═════ Recorded data ═════

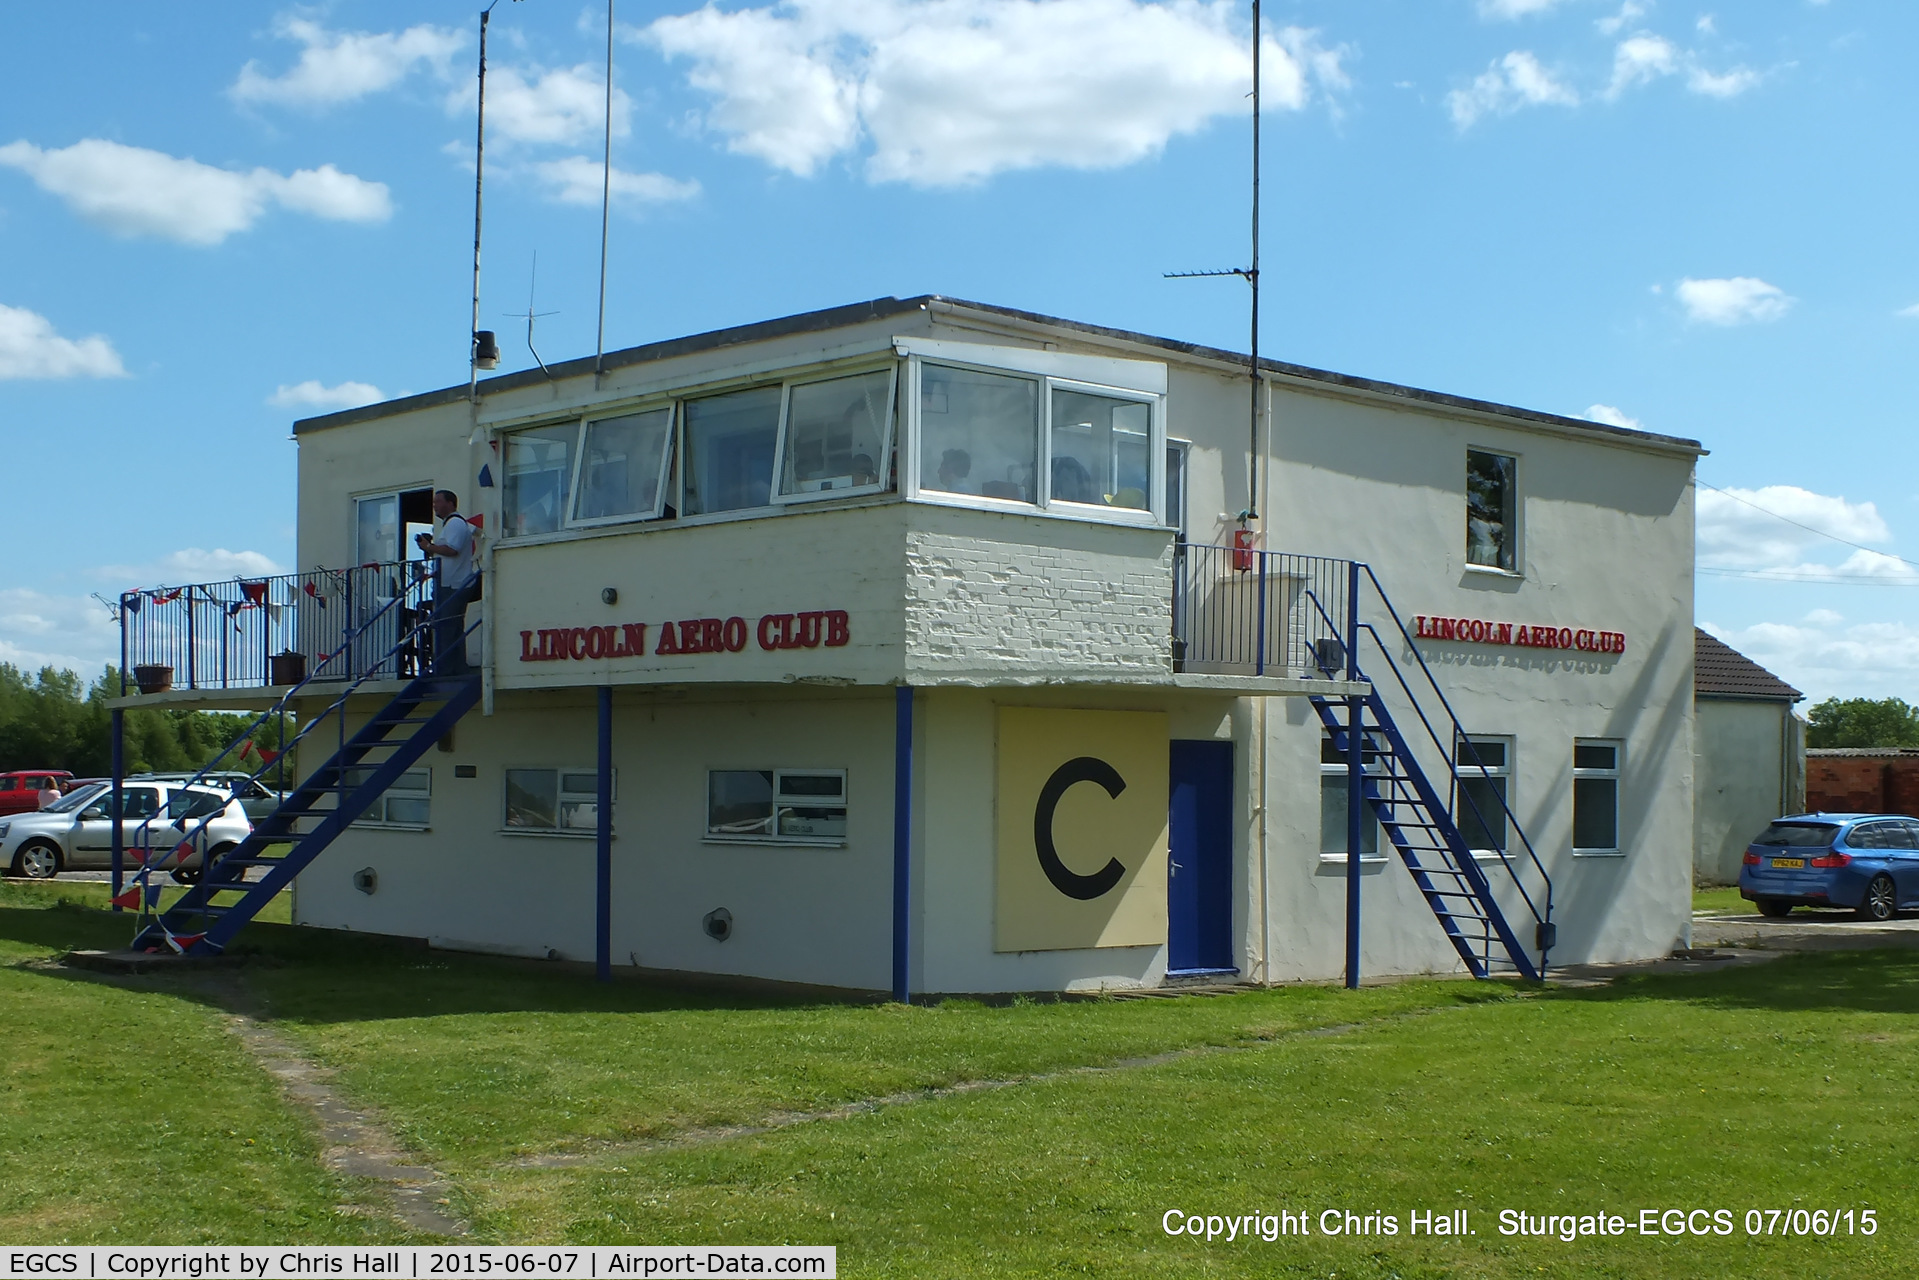 Sturgate Airfield Airport, Lincoln, England United Kingdom (EGCS) - Sturgate Tower
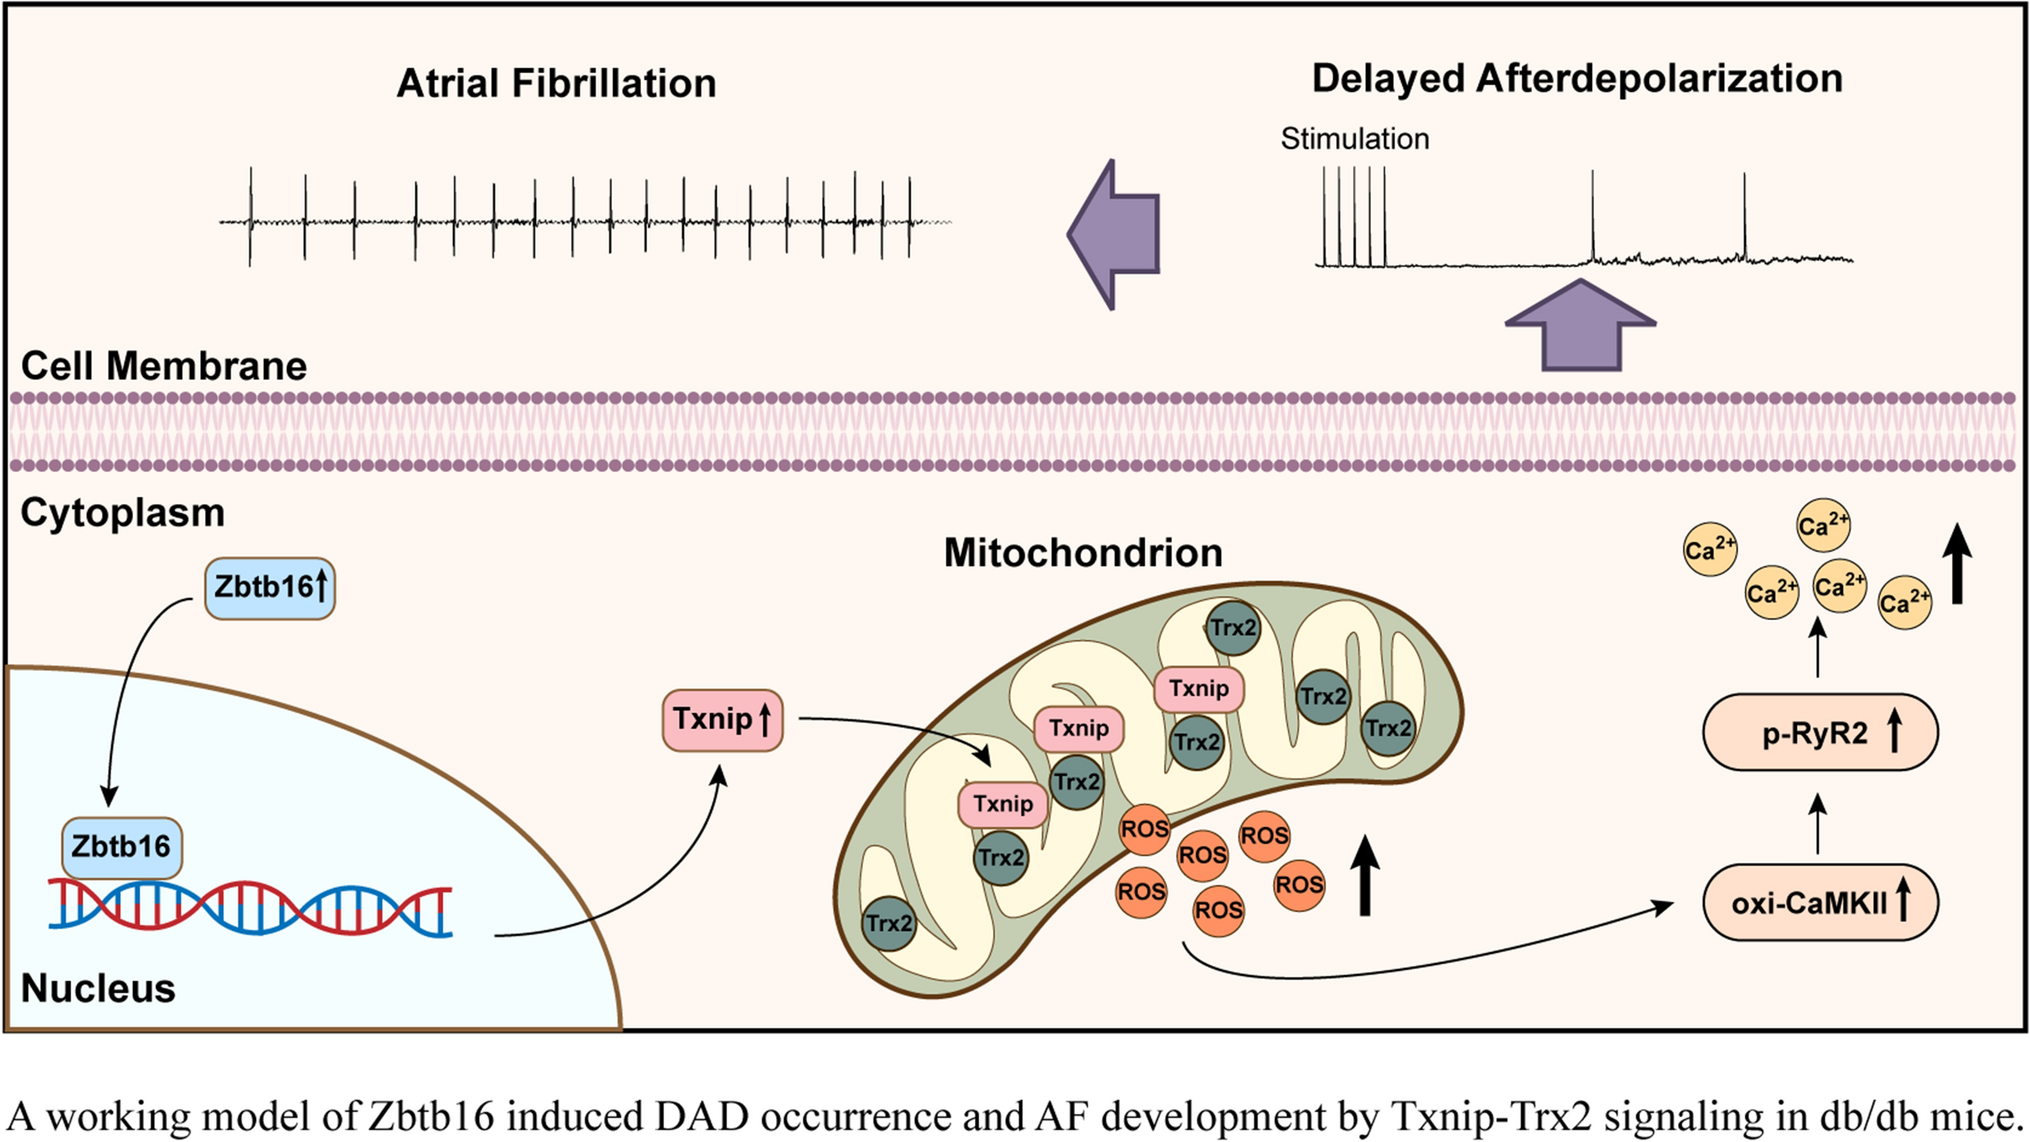 Zbtb16 increases susceptibility of atrial fibrillation in type 2 diabetic mice via Txnip-Trx2 signaling
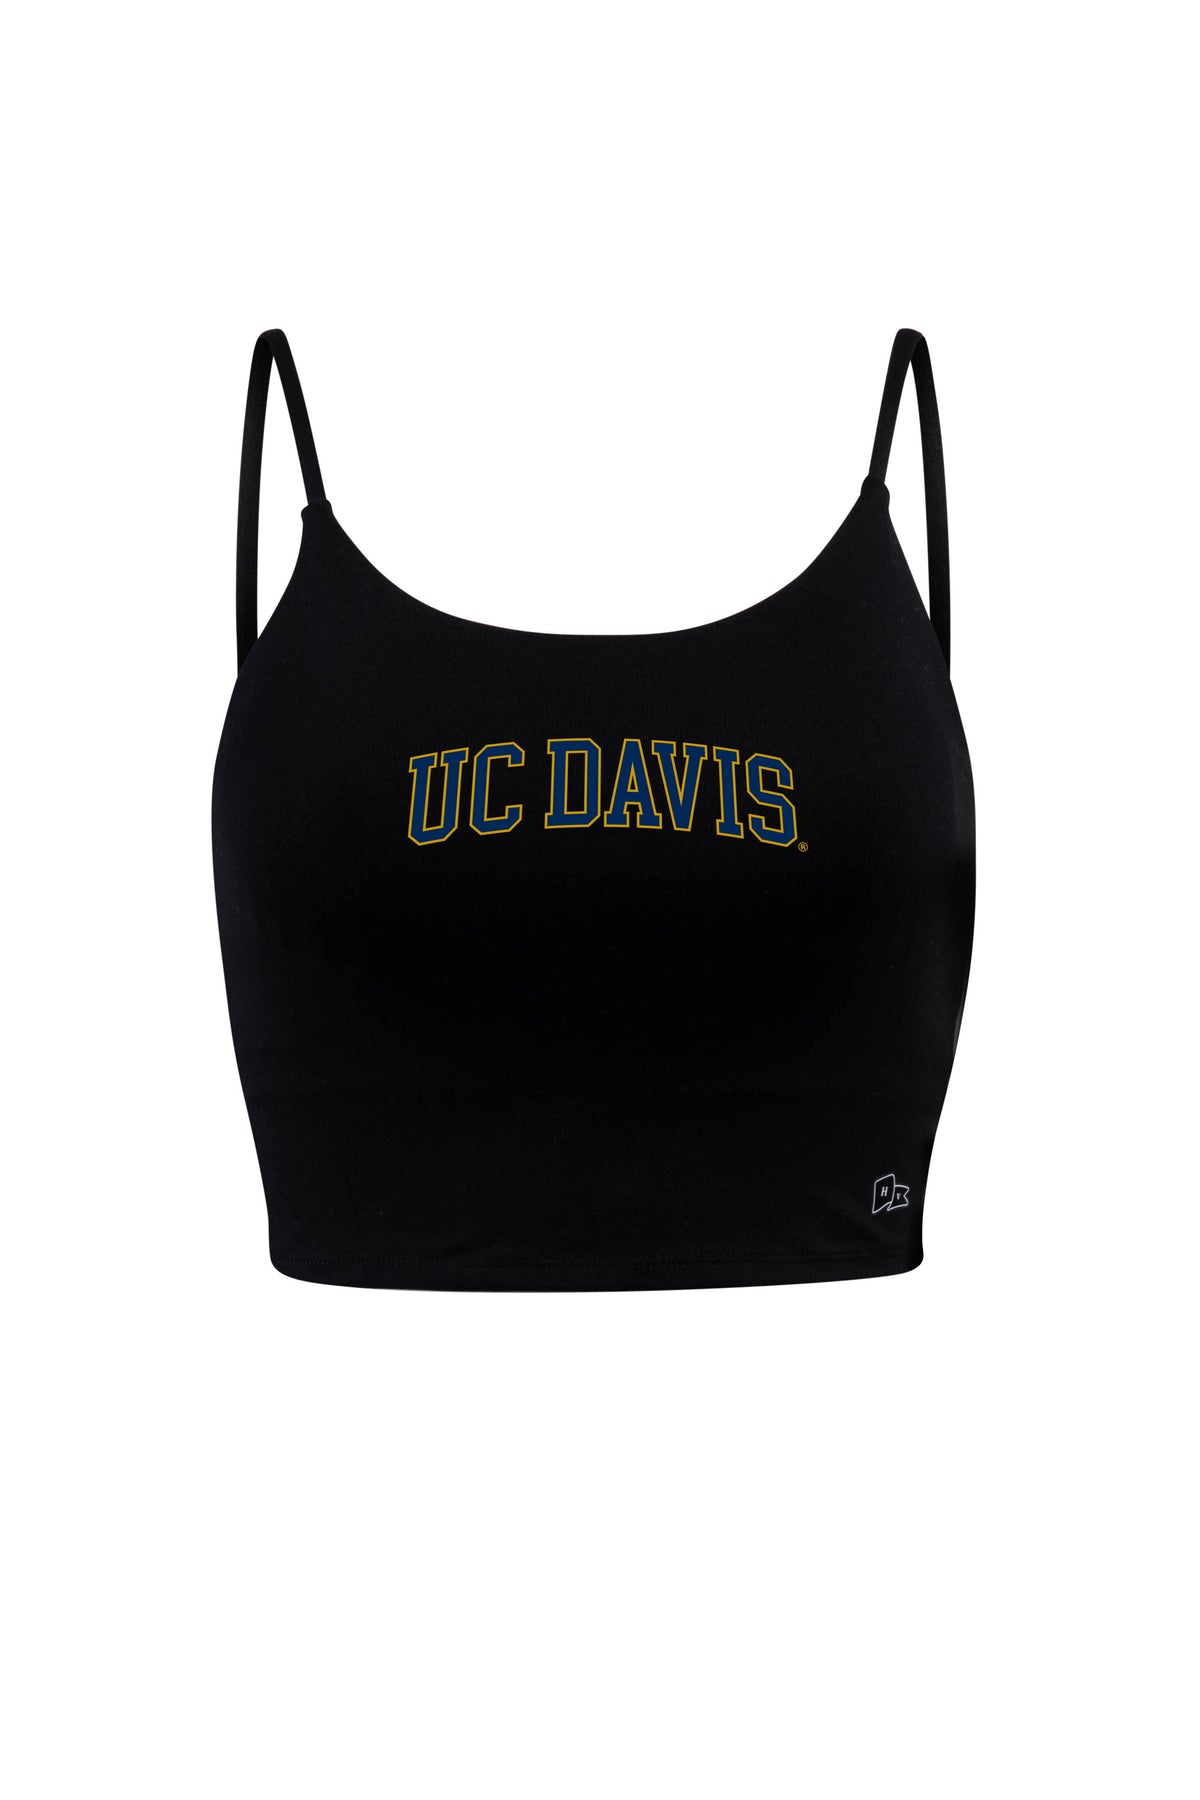 University of California Davis Bra Tank Top

═════

What is expected
In full and without changes, repeat the listing above, but not its pictures.

Exercise result
 Sturgate Airfield Airport, Lincoln, England United Kingdom (EGCS) - Sturgate Tower
 Zbtb16 increases susceptibility of atrial fibrillation in type 2 diabetic mice via Txnip-Trx2 signaling
 University of California Davis Bra Tank Top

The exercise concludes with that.